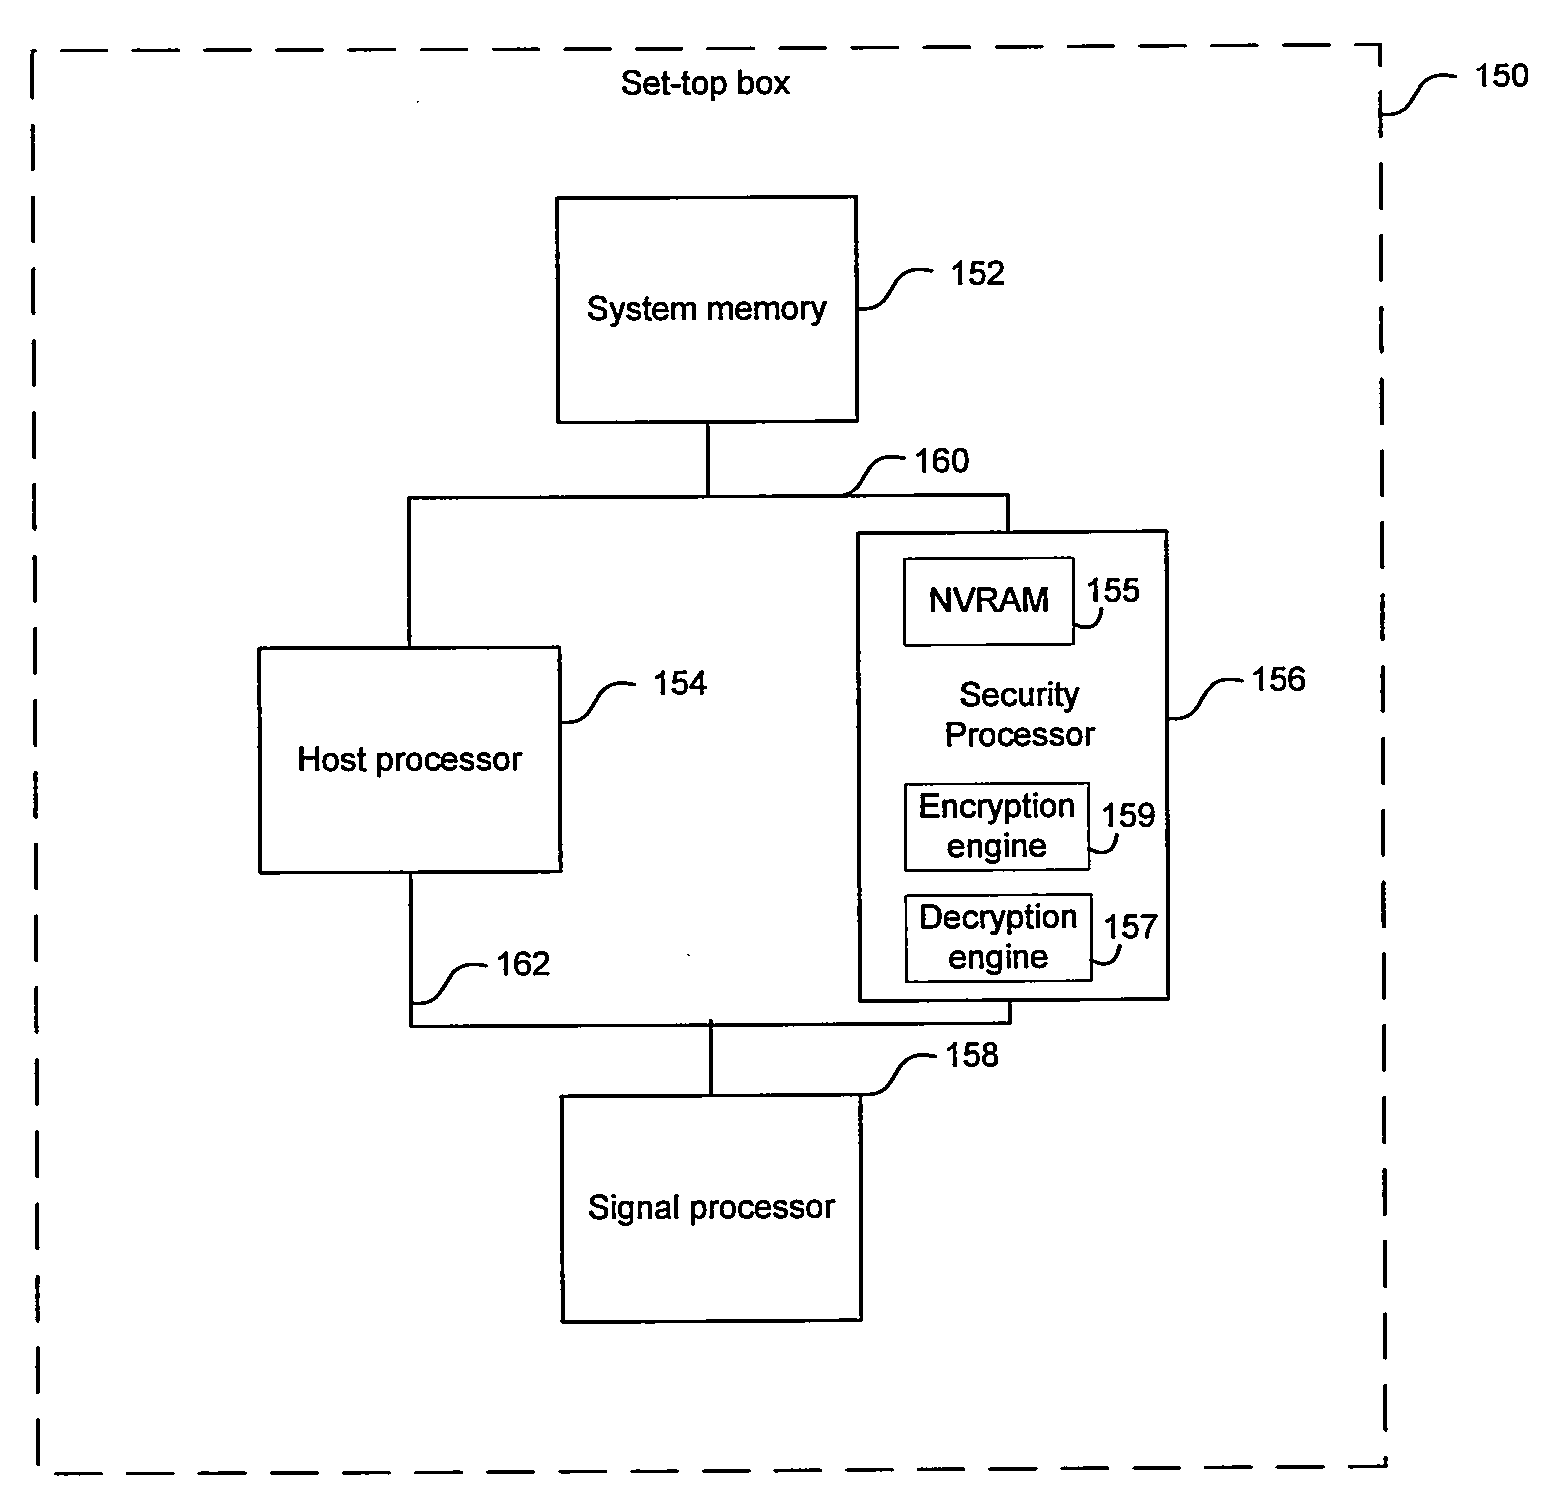 Method and System for Improved Fault Tolerance in Distributed Customization Controls Using Non-Volatile Memory
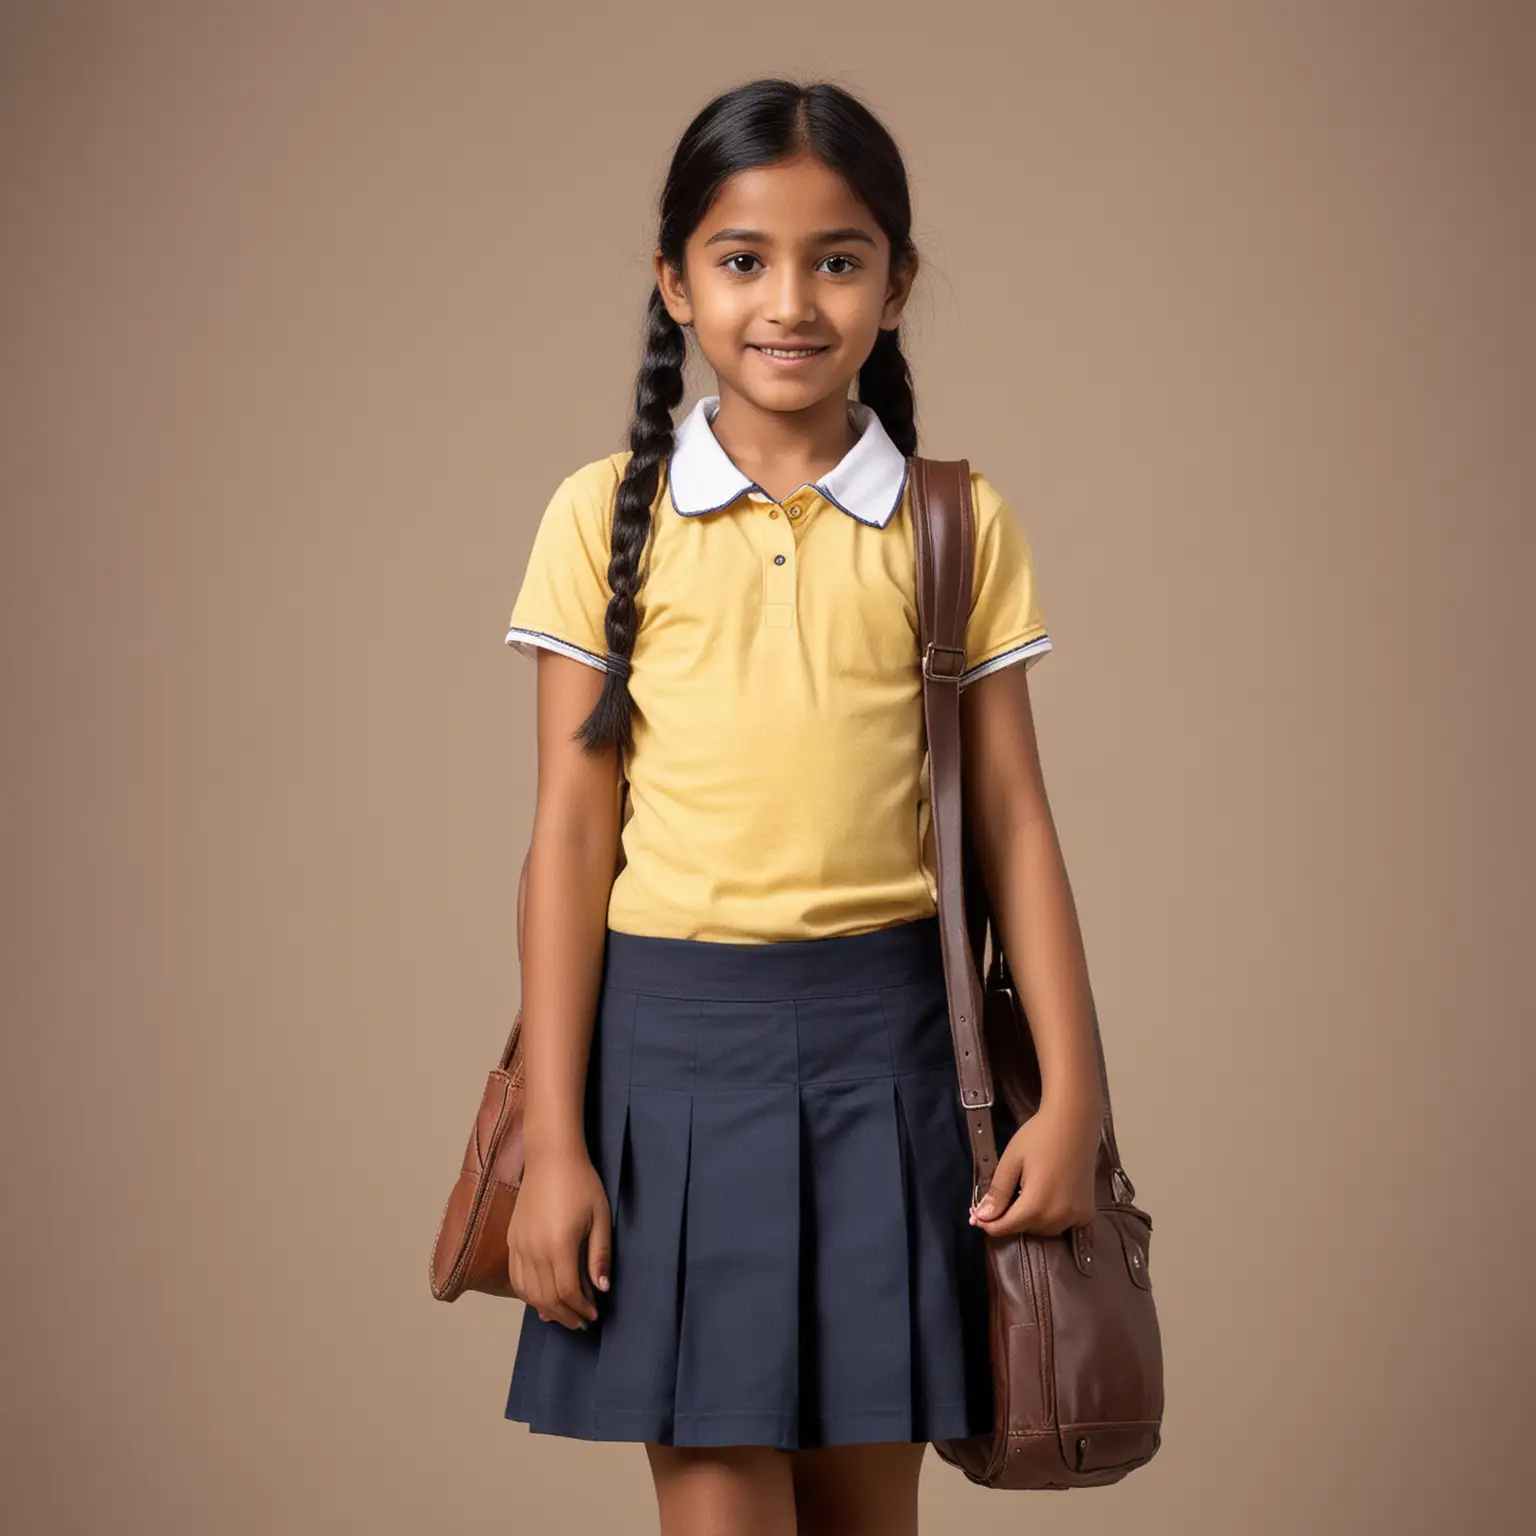 Indian-School-Girl-Standing-with-Backpack
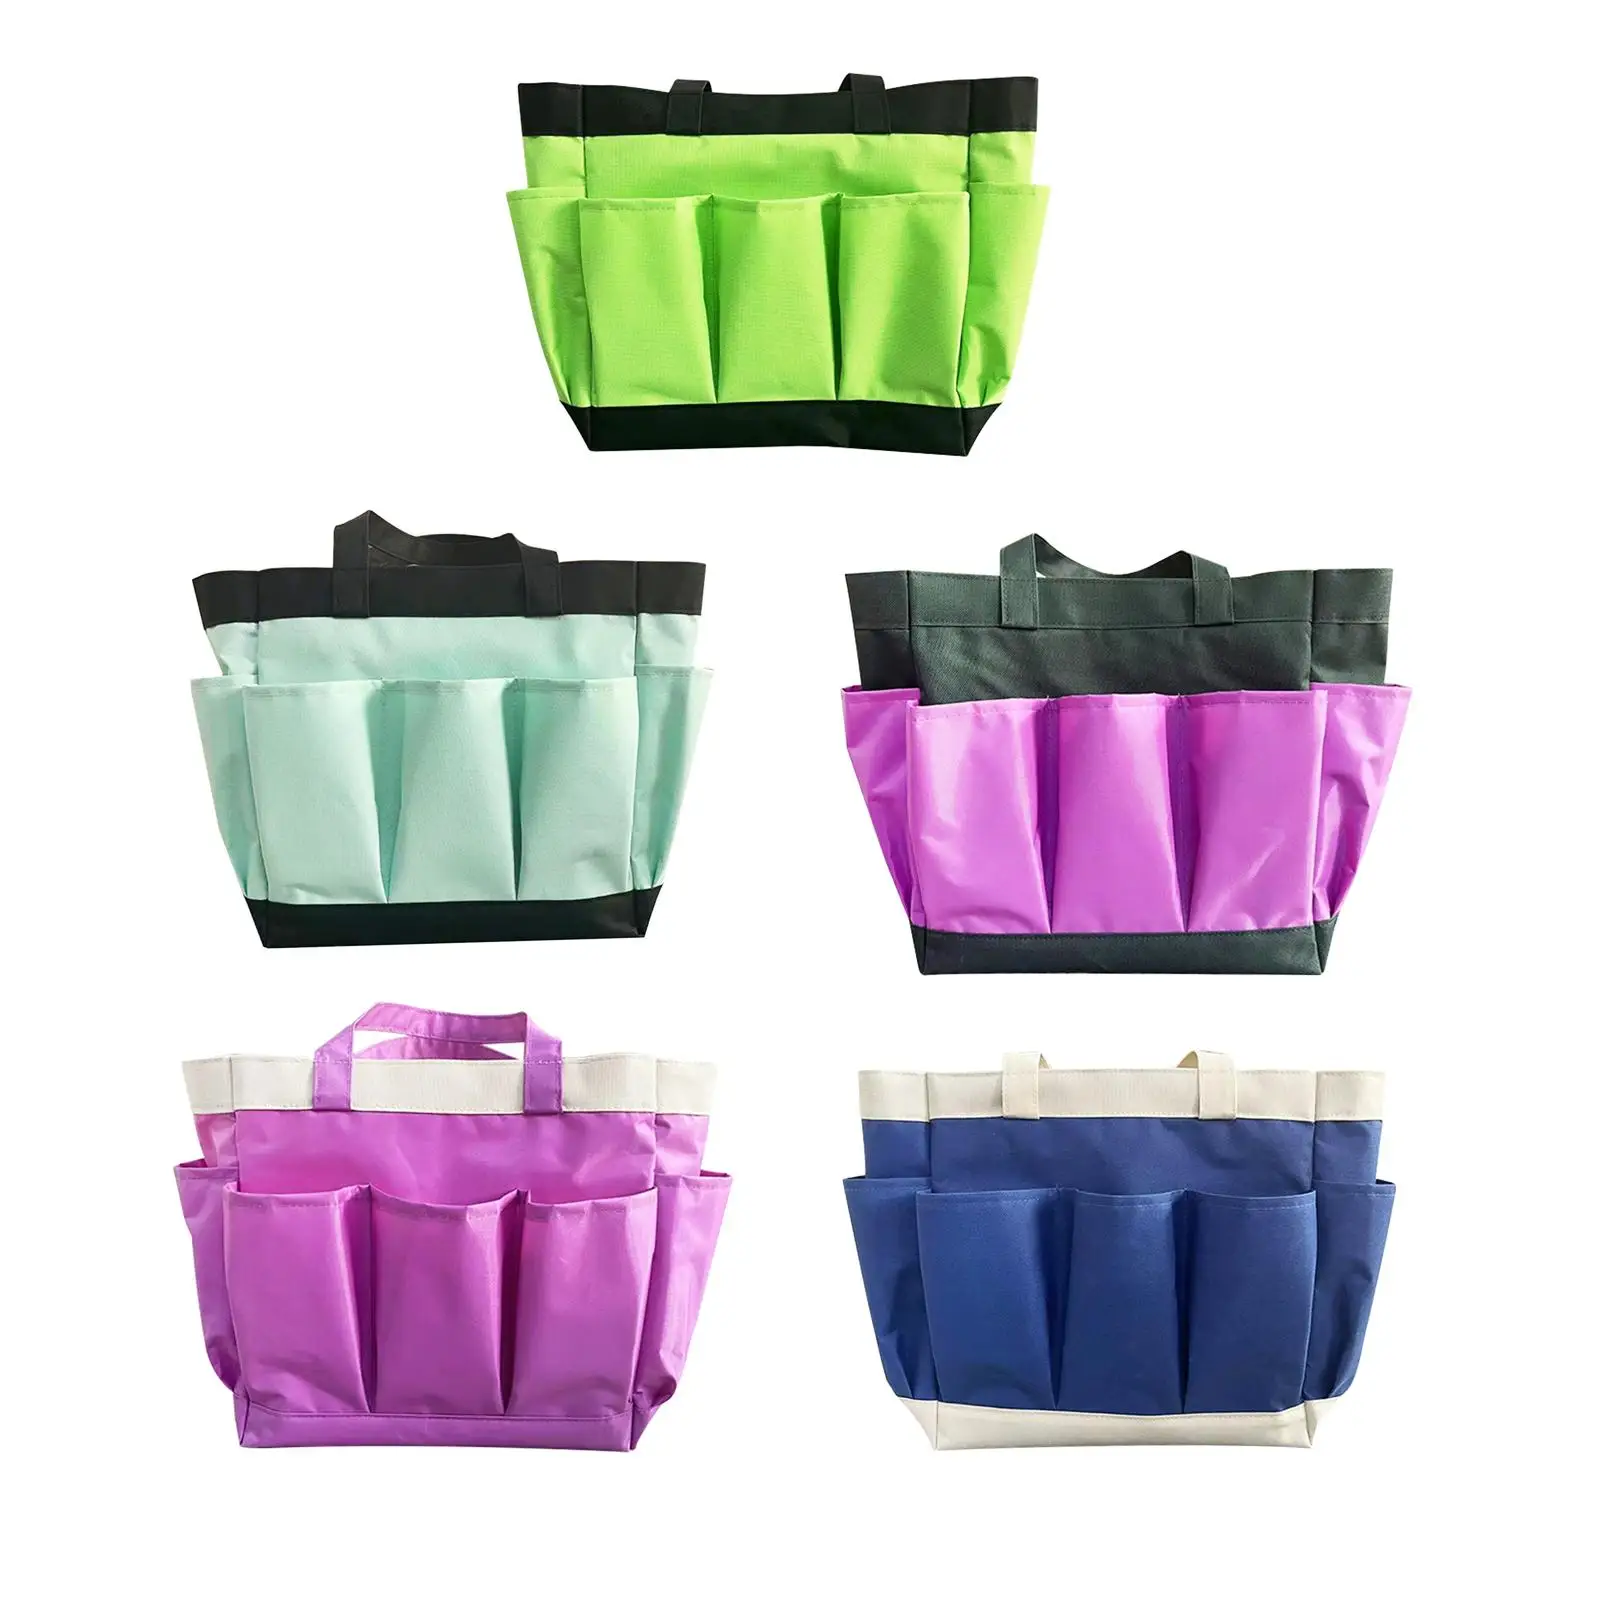 Garden Tool Bag Large Heavy Duty Home Organizer Portable Storage Gardening Hand Tools Bag for Lawn Garden Home Yard Lectrician
══════════
Render the data above verbatim and without pictures.

### Your response
 Method and System for Improved Fault Tolerance in Distributed Customization Controls Using Non-Volatile Memory
 Indian-School-Girl-Standing-with-Backpack
 Garden Tool Bag Large Heavy Duty Home Organizer Portable Storage Gardening Hand Tools Bag for Lawn Garden Home Yard Lectrician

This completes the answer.